Two Department of Justice officials recently penned an article in the American Bankruptcy Institute Journal to serve as an unfriendly reminder to the cannabis industry that the country's bankruptcy system cannot assist canna-businesses in liquidating or restructuring their assets. "Marijuana continues to be regulated by Congress as a dangerous drug, and as the Supreme Court has recognized, the federal prohibition of marijuana takes precedence over state laws to the contrary," wrote Clifford J. White III, director of the Executive Office for U.S. Trustees (USTP) and John Sheahan, a trial attorney for the agency, Forbes reports. This is consistent with an analysis published in the New York Law Journal earlier this year, which concluded that state-legal marijuana enterprises effectively can’t file bankruptcy.
White and Sheehan explain that federal law prevents the bankruptcy system from being “used as an instrument in the ongoing commission of a crime and reorganization plans that permit or require continued illegal activity.” The authors also note that “bankruptcy trustees and other estate fiduciaries should not be required to administer assets if doing so would cause them to violate federal criminal law." The USTP officials wrote that "there is no distinction between the seller or the grower of marijuana and the supposedly more 'downstream' participants... [A]ll are in violation of federal criminal law."
Because of this, not only are cannabis sellers and growers guilty of breaking federal law, bankruptcy trustees charged with selling off otherwise-legal fertilizer, growing equipment, or farm land used for cannabis cultivation would be just as guilty. The article states that anyone “who collected rent from a marijuana business tenant, or who sought to collect the profits of a marijuana investment” would be in violation of federal law. The Internal Revenue Service (IRS) has employed this same logic to deny standard business tax deductions to any marijuana business. The Tax Equity and Fiscal Responsibility Act of 1982 established Code Section 280E, which stipulates that “no deduction or credit shall be allowed for any business involved in “trafficking in controlled substances.”
The IRS is deadly serious about preventing canna-businesses from claiming these deductions, with actions including gaining access to Colorado's seed-to-sale cannabis tracking system in order to ensure that no Centennial State canna-companies are trying to pay less than what the federal tax agency believes they owe.

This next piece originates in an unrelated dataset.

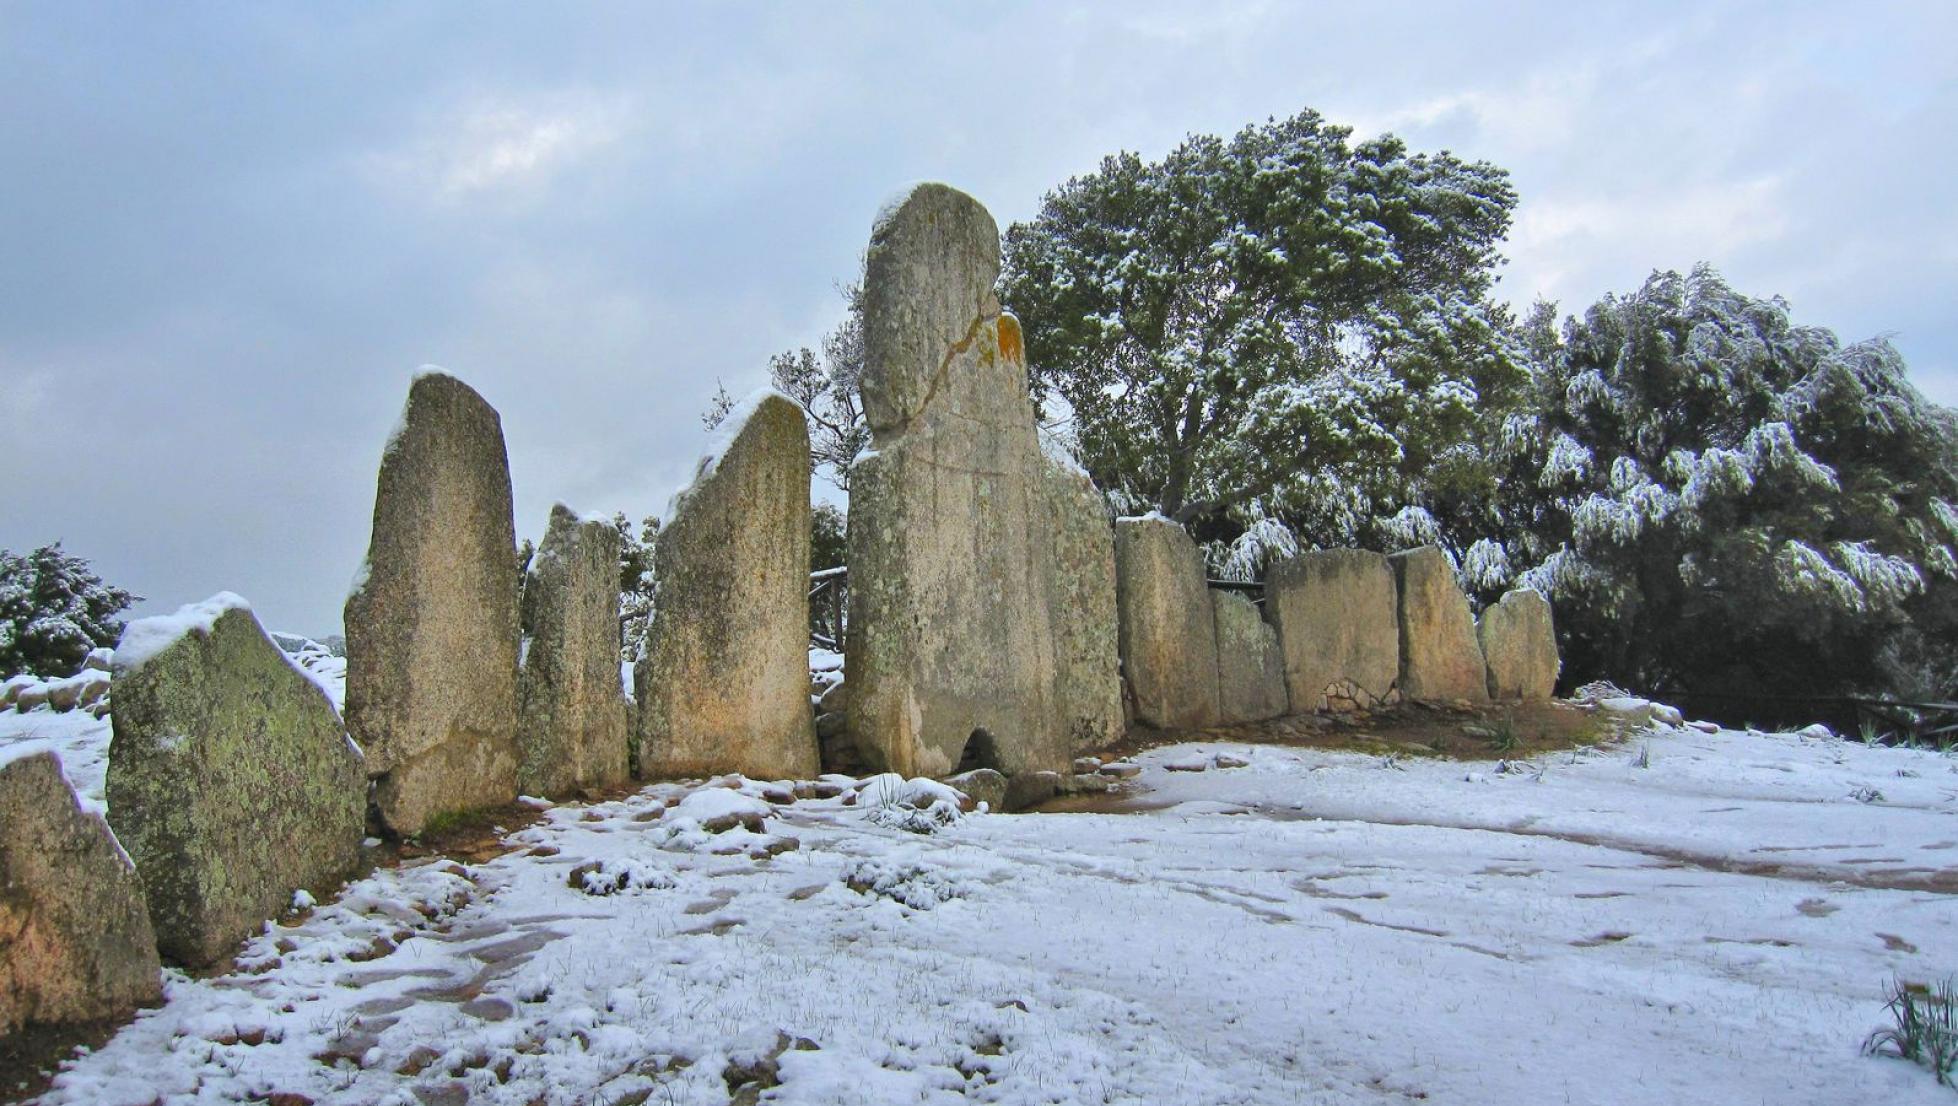 Tomba di Giganti Li Lolghi - Arzachena

Earlier this year, Colorado-based cannabis firm The Green Solution LLC sued the IRS, arguing that these restrictions would make their business unprofitable. The suit has not yet been successful, but a bipartisan group of legislators have proposed The Small Business Tax Equity Act, which would reform the 280E code, giving canna-businesses an equal opportunity to succeed financially and to avoid having to declare bankruptcy down the line. If it passes, this bill could pave the way for the relaxing of other financial restrictions on canna-businesses, such as lack of access to banks and the winder financial industry.